Combinatorial maps represent objects subdivided into cells of many dimensions. They use permutations (alpha, sigma) to encode relations between atomic elements called darts (half edges). In 2D, they act as planar graphs explicitly encoding the orientation of edges around vertices (see Figure 2). Like combinatorial maps, generalized maps are defined in any dimension, and use only involutions.

Figure 2. A combinatorial map defined by: set of darts and permutations sigma and alpha(d) = -d

Homology groups extend the Euler characteristic to a topological invariant that characterizes an object X by its "holes" in any dimension p=0..dim(X), (denoted p-holes). These holes can be seen as connected components in dimension 0, tunnels in dimension 1, voids in dimension 2,... .

### Operations on graphs

To reduce a graph or a map (e.g. when building a pyramid) contraction and removal operations are used. In 2D edge contraction removes the edge and identifies its end vertices. Edge contraction preserves the topology of the surviving elements. When building irregular pyramids, every contraction is followed by a simplification step, which removes redundant self loops and parallel edges i.e. empty self-loops and parallel edges bounding empty faces. Edges contracted in parallel form subtrees of the graph called contraction kernels [BK03a].

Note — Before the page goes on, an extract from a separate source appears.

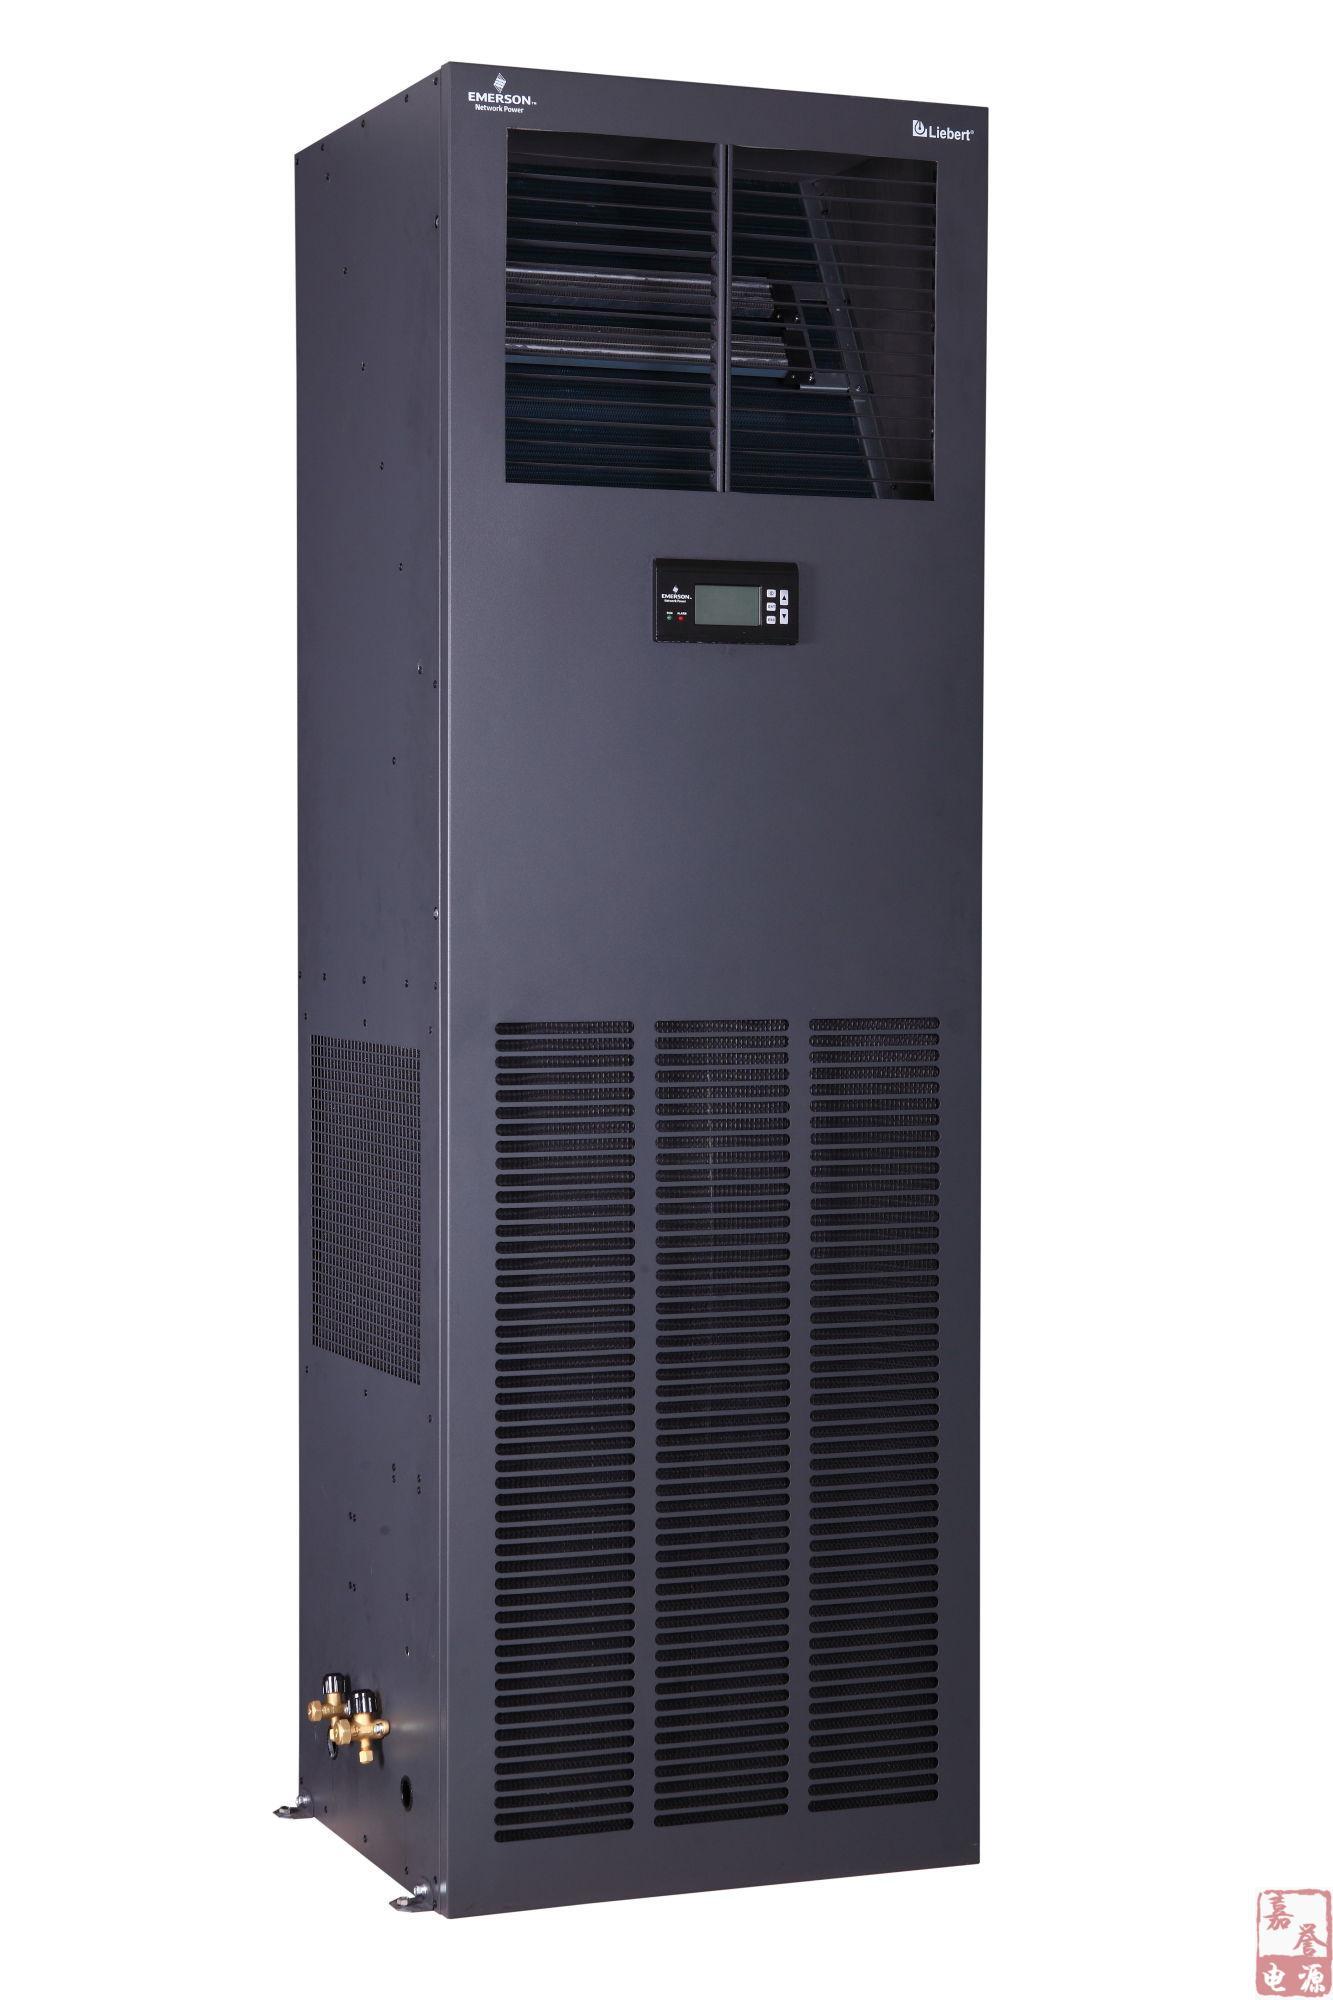 内蒙古赤峰艾默生精密空调维修手册12.5KW单冷DME12MOP5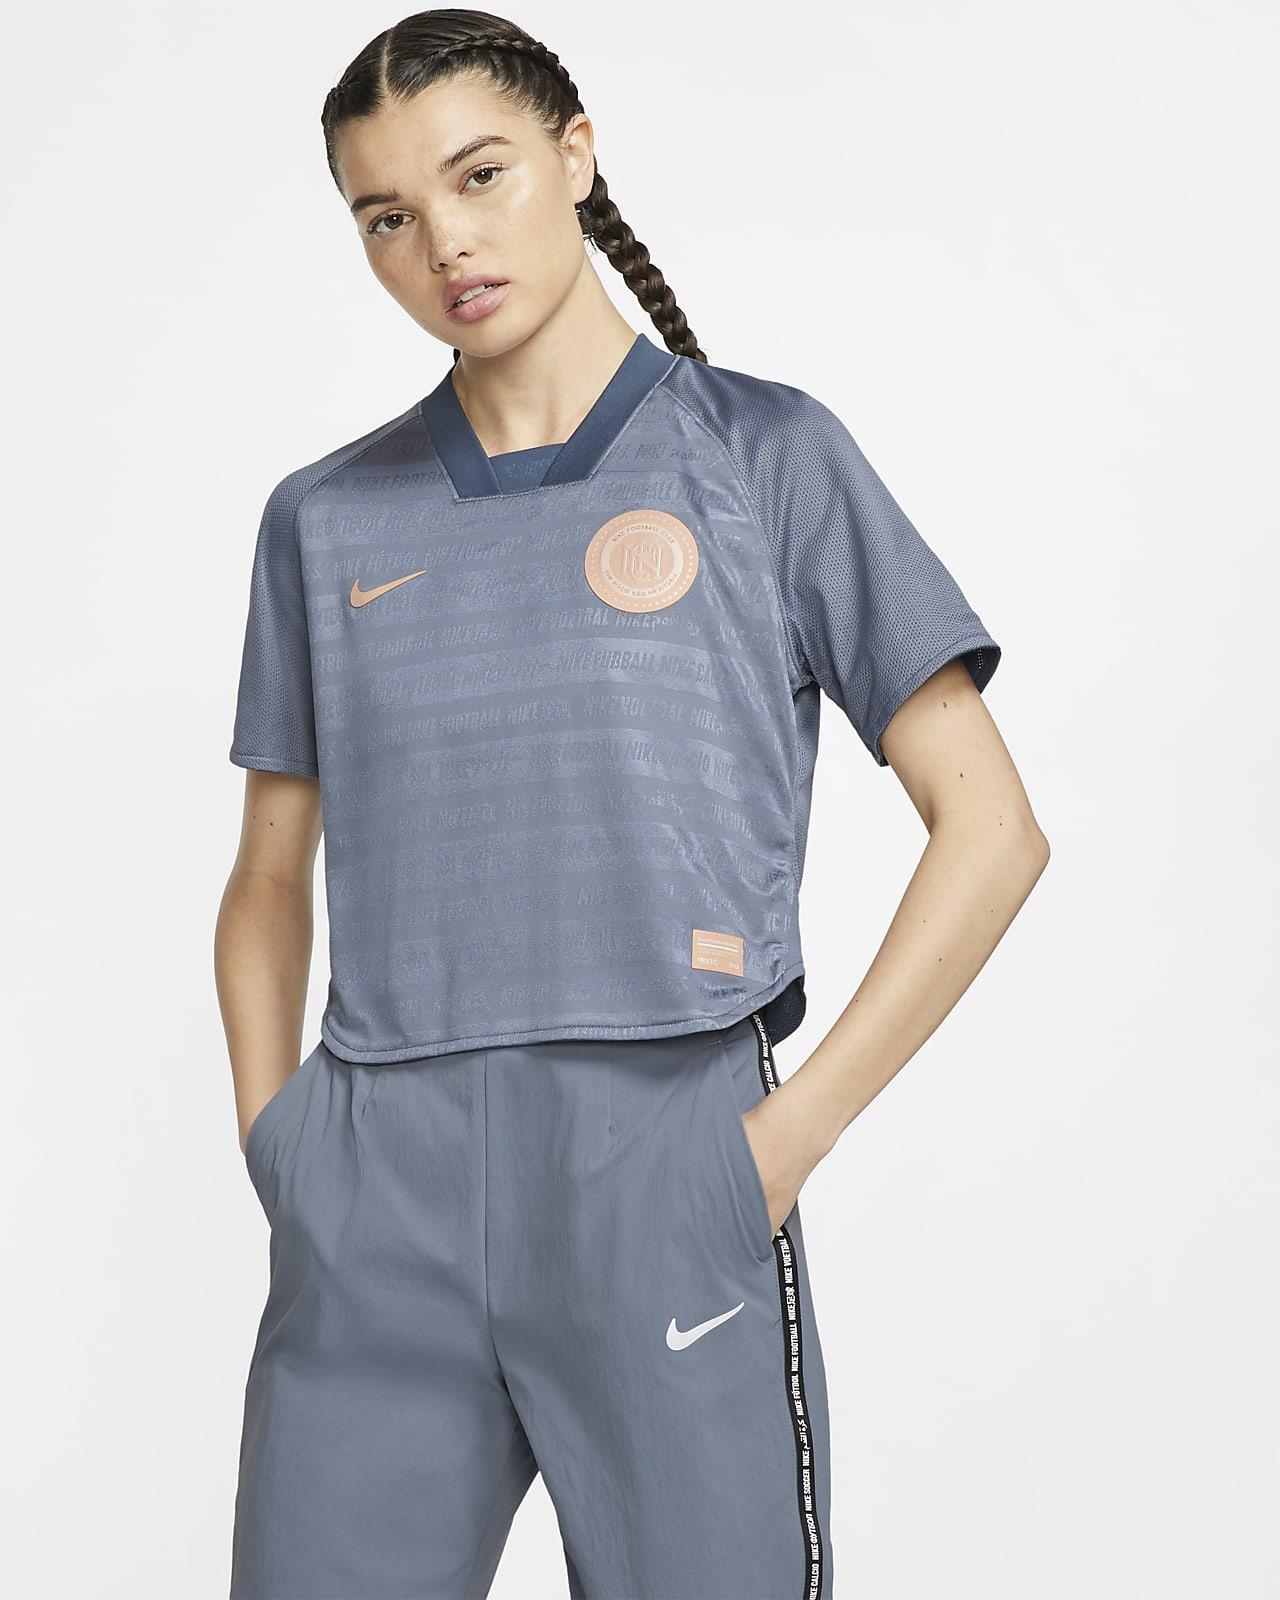 Haut de football à manches courtes Nike F.C. Dri-FIT pour Femme

### Where are Graphs Used?

Applications of graph based representations range from representations for cognitive vision [IHK05] inspired from human descriptions of videos [IHKH06], to graph-based fingerprint representation [OK04] encoding topology, to human problem solving and the Traveling Salesman Problem [PSS+06], to extraction of primitives (e.g. junction points, line segments) from graphs of digital points that are typically obtained from skeletonization [MK03b], to homotopic transformation for both combinatorial maps and weighted combinatorial maps [MKH03], and to efficient processing of huge amounts of structured sensory data for vision [Kro03].